Percec Ivona, Plenge Robert M, Nadeau Joseph H, Bartolomei Marisa S, Willard Huntington F
Howard Hughes Medical Institute and Department of Cell and Developmental Biology, University of Pennsylvania School of Medicine, Philadelphia, PA 19104, USA.
Science. 2002 May 10;296(5570):1136-9. doi: 10.1126/science.1070087.

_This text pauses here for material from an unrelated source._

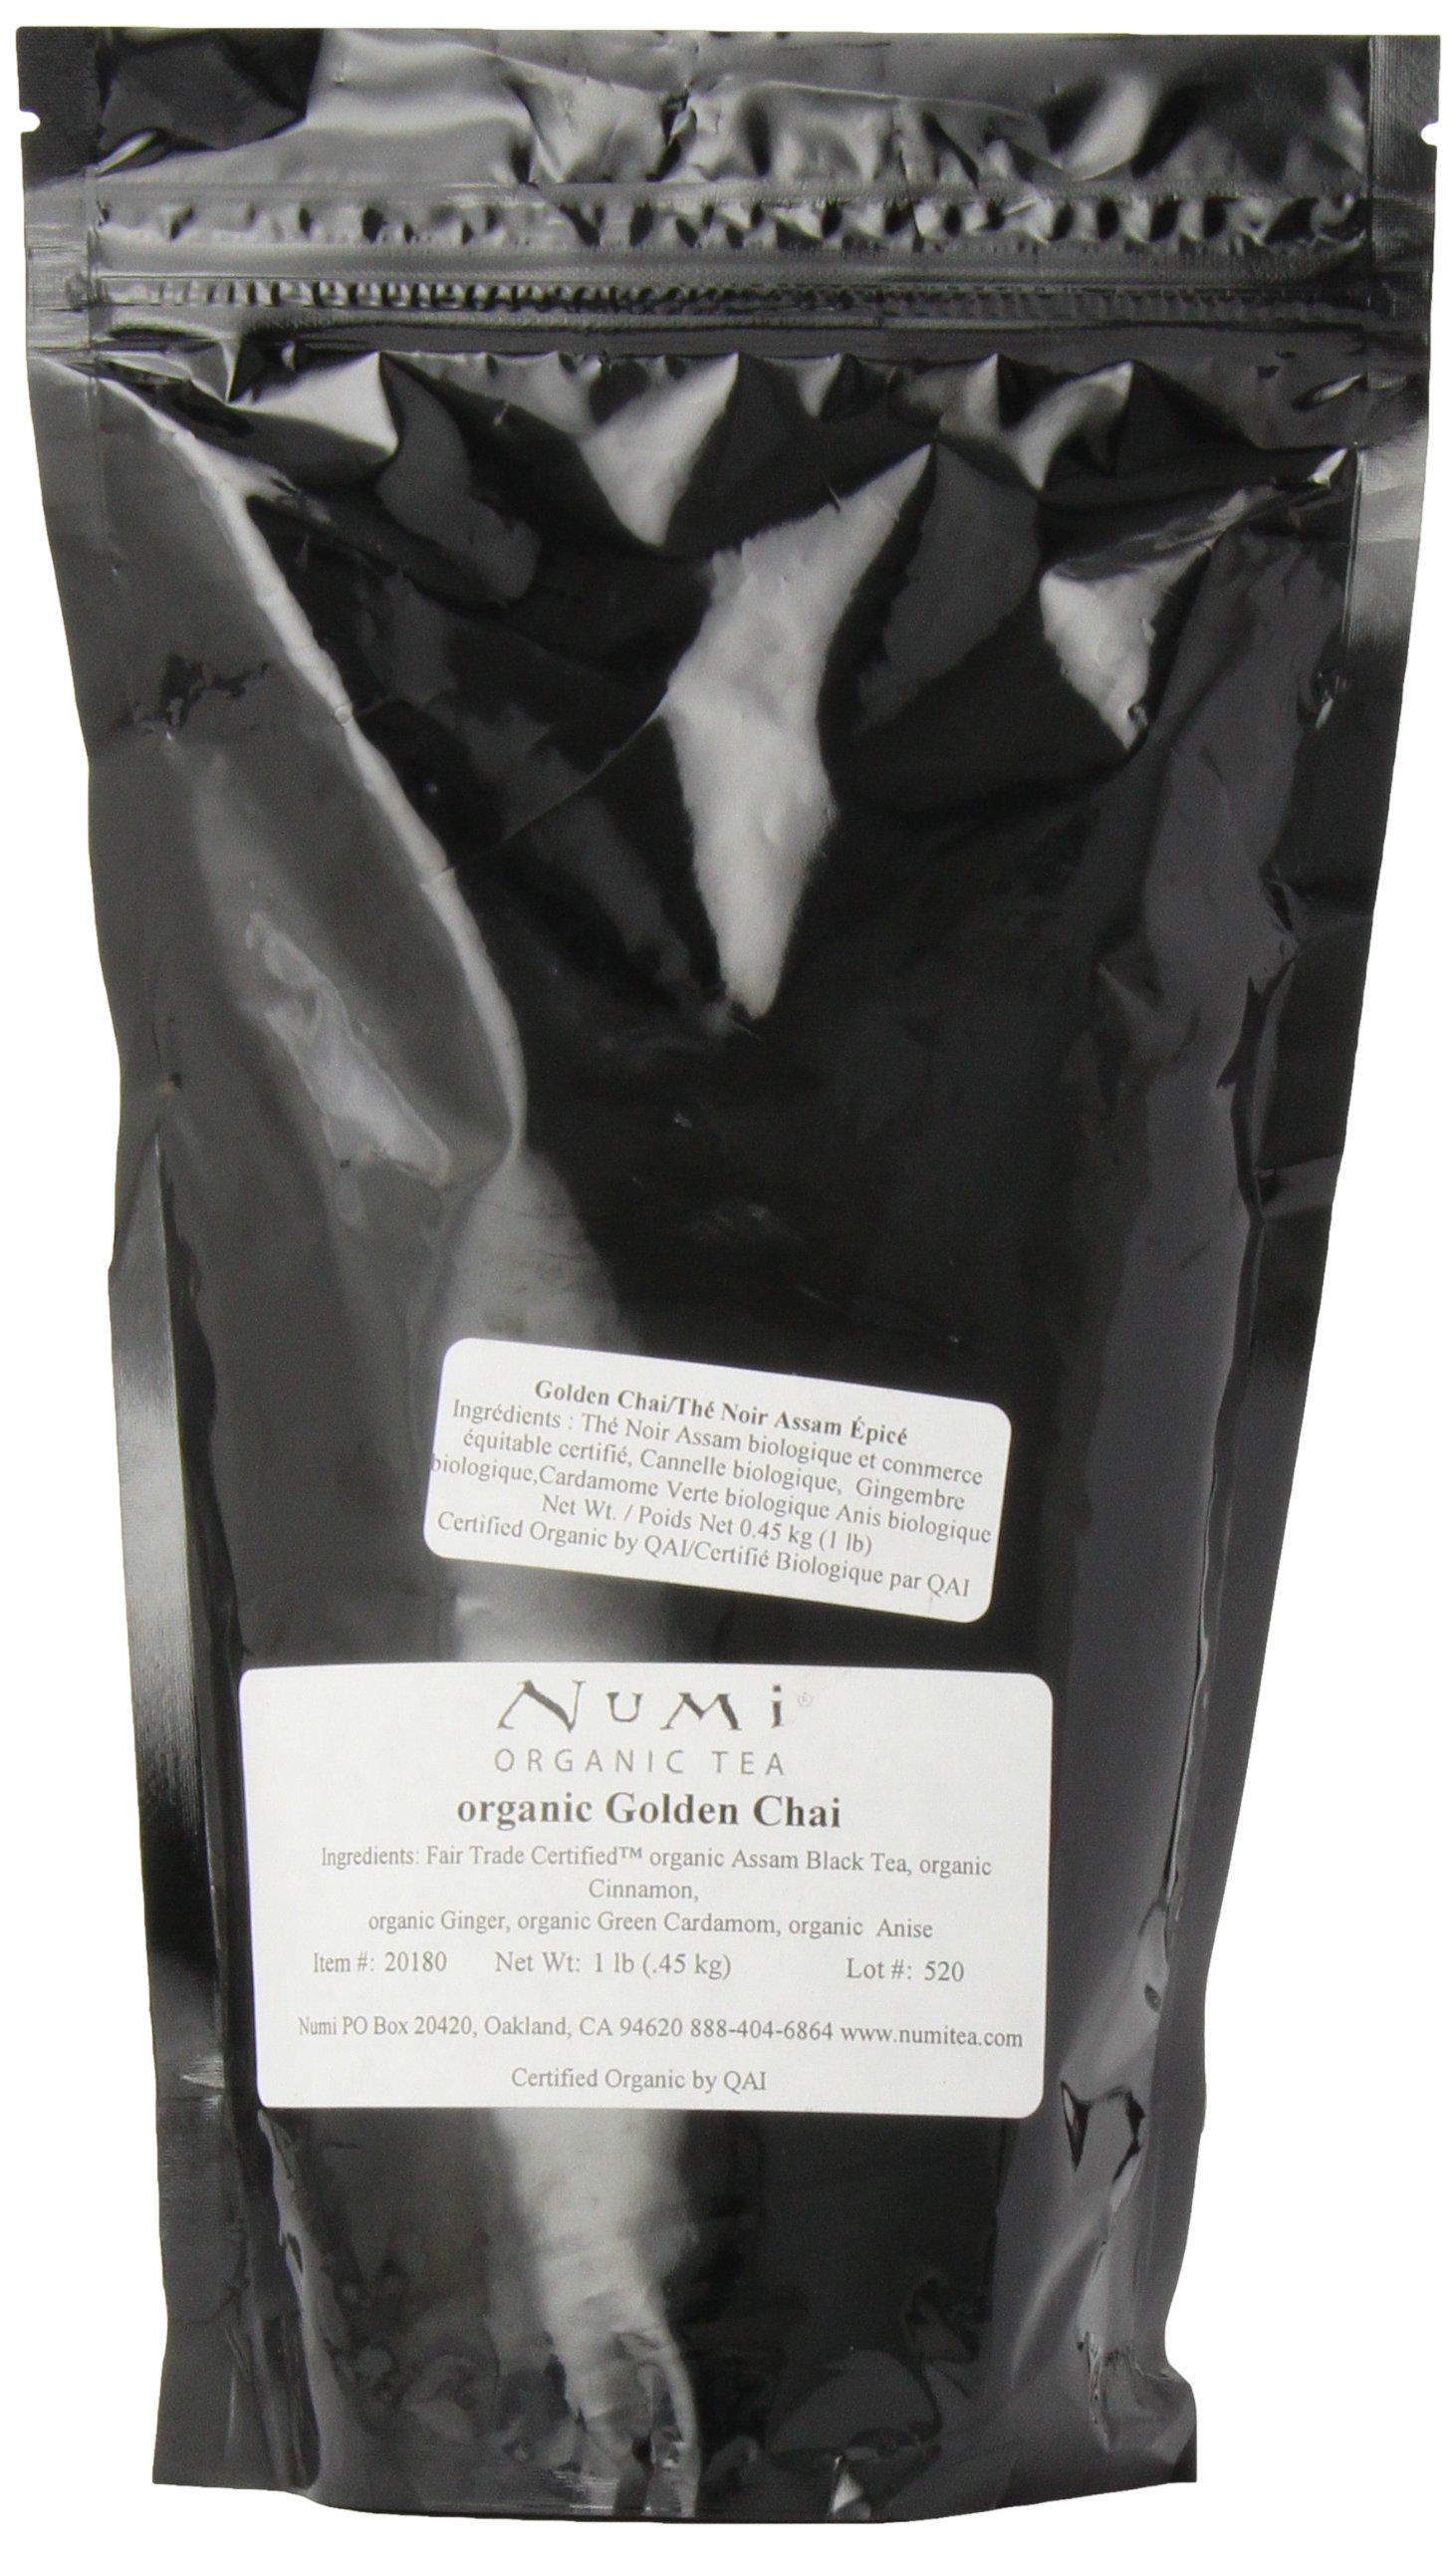 Numi Organic Tea Golden Chai, 16 Ounce Pouch (Pack of 6), Loose Leaf Black Tea by Numi Organic Tea (Image #3)

X chromosome inactivation is the silencing mechanism eutherian mammals use to equalize the expression of X-linked genes between males and females early in embryonic development. In the mouse, genetic control of inactivation requires elements within the X inactivation center (Xic) on the X chromosome that influence the choice of which X chromosome is to be inactivated in individual cells. It has long been posited that unidentified autosomal factors are essential to the process. We have used chemical mutagenesis in the mouse to identify specific factors involved in X inactivation and report two genetically distinct autosomal mutations with dominant effects on X chromosome choice early in embryogenesis.
X染色体失活是真兽亚纲哺乳动物在胚胎发育早期用于使雄性和雌性之间X连锁基因表达均等化的沉默机制。在小鼠中,失活的遗传控制需要X染色体上X失活中心(Xic)内的元件,这些元件影响单个细胞中哪条X染色体将被失活的选择。长期以来人们一直认为,未知的常染色体因子对这一过程至关重要。我们利用小鼠的化学诱变来鉴定参与X染色体失活的特定因子,并报告了两个在胚胎发生早期对X染色体选择具有显性作用的遗传上不同的常染色体突变。